[Task directions]
Every line of the data below is to be duplicated exactly, pictures excepted.

[Data extract]
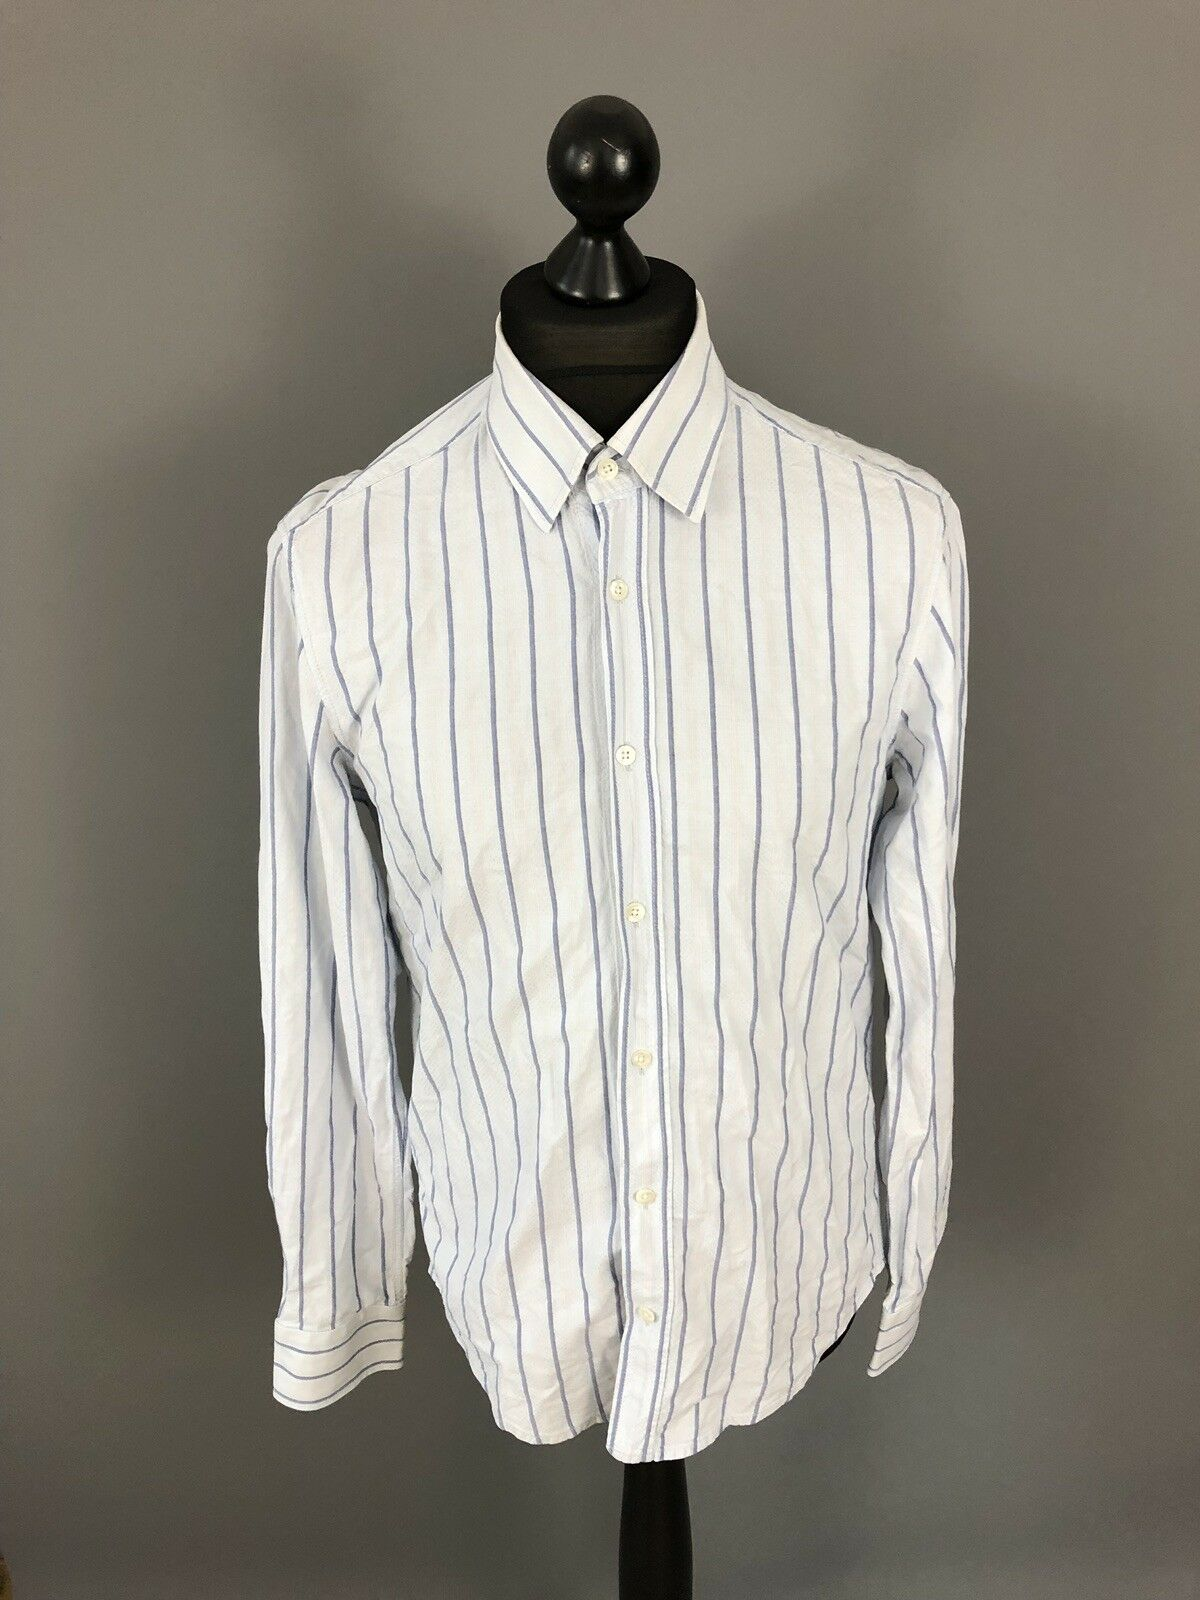 18d615ce3 HUGO BOSS Shirt - - Striped - Condition - Men's Medium Great ...
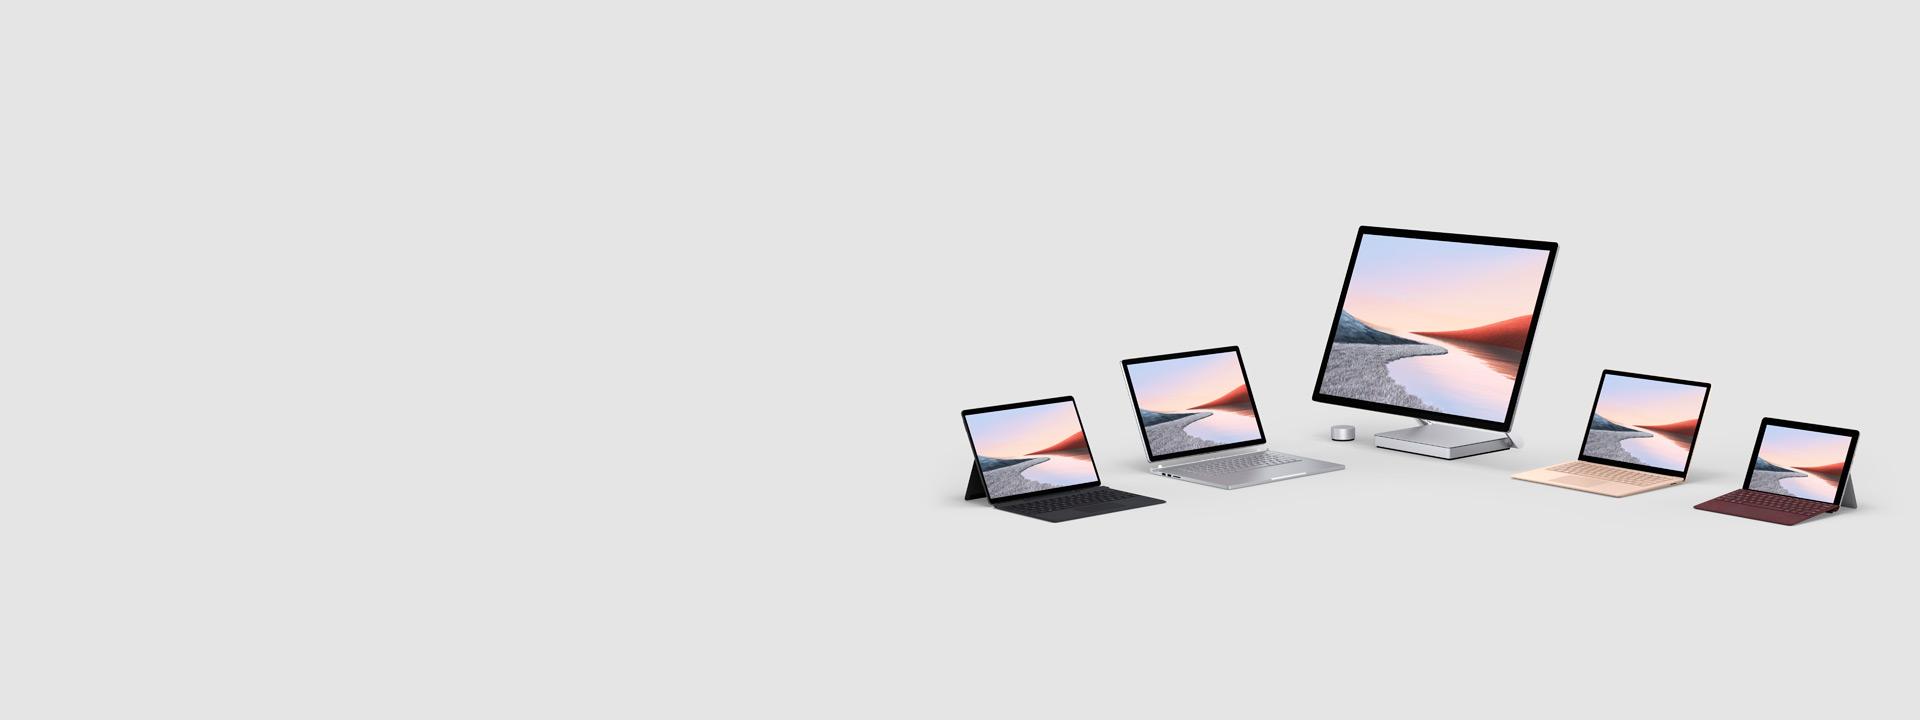 數臺 Surface 電腦,其中包括 Surface Pro 7、Surface Pro X 、Surface Book 2、Surface Studio 2 和 Surface Go
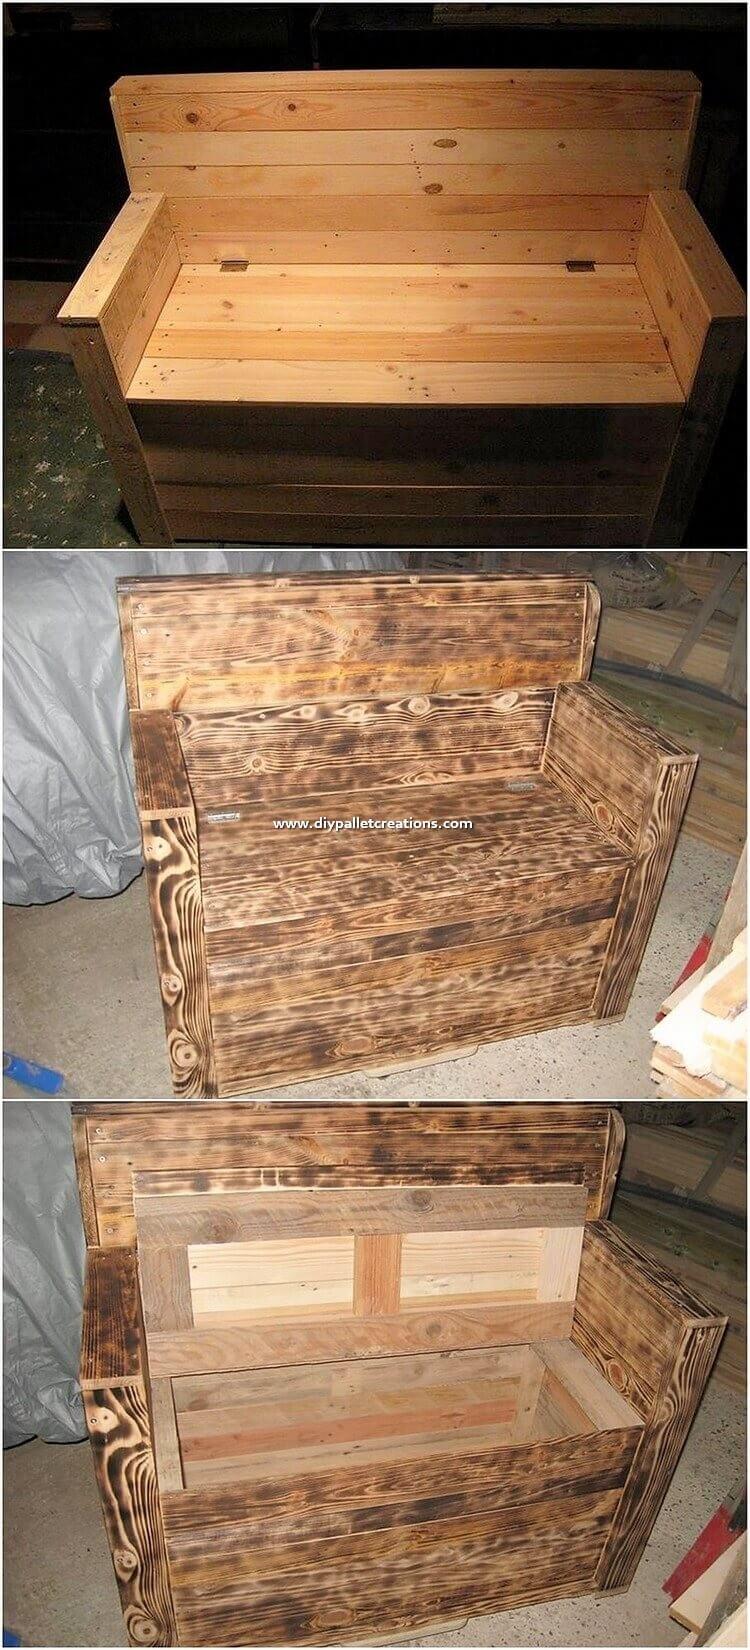 Pallet-Seat-with-Storage

[Problem solution]
 18d615ce3 HUGO BOSS Shirt - - Striped - Condition - Men's Medium Great ...
 數臺 Surface 電腦,其中包括 Surface Pro 7、Surface Pro X 、Surface Book 2、Surface Studio 2 和 Surface Go
 Pallet-Seat-with-Storage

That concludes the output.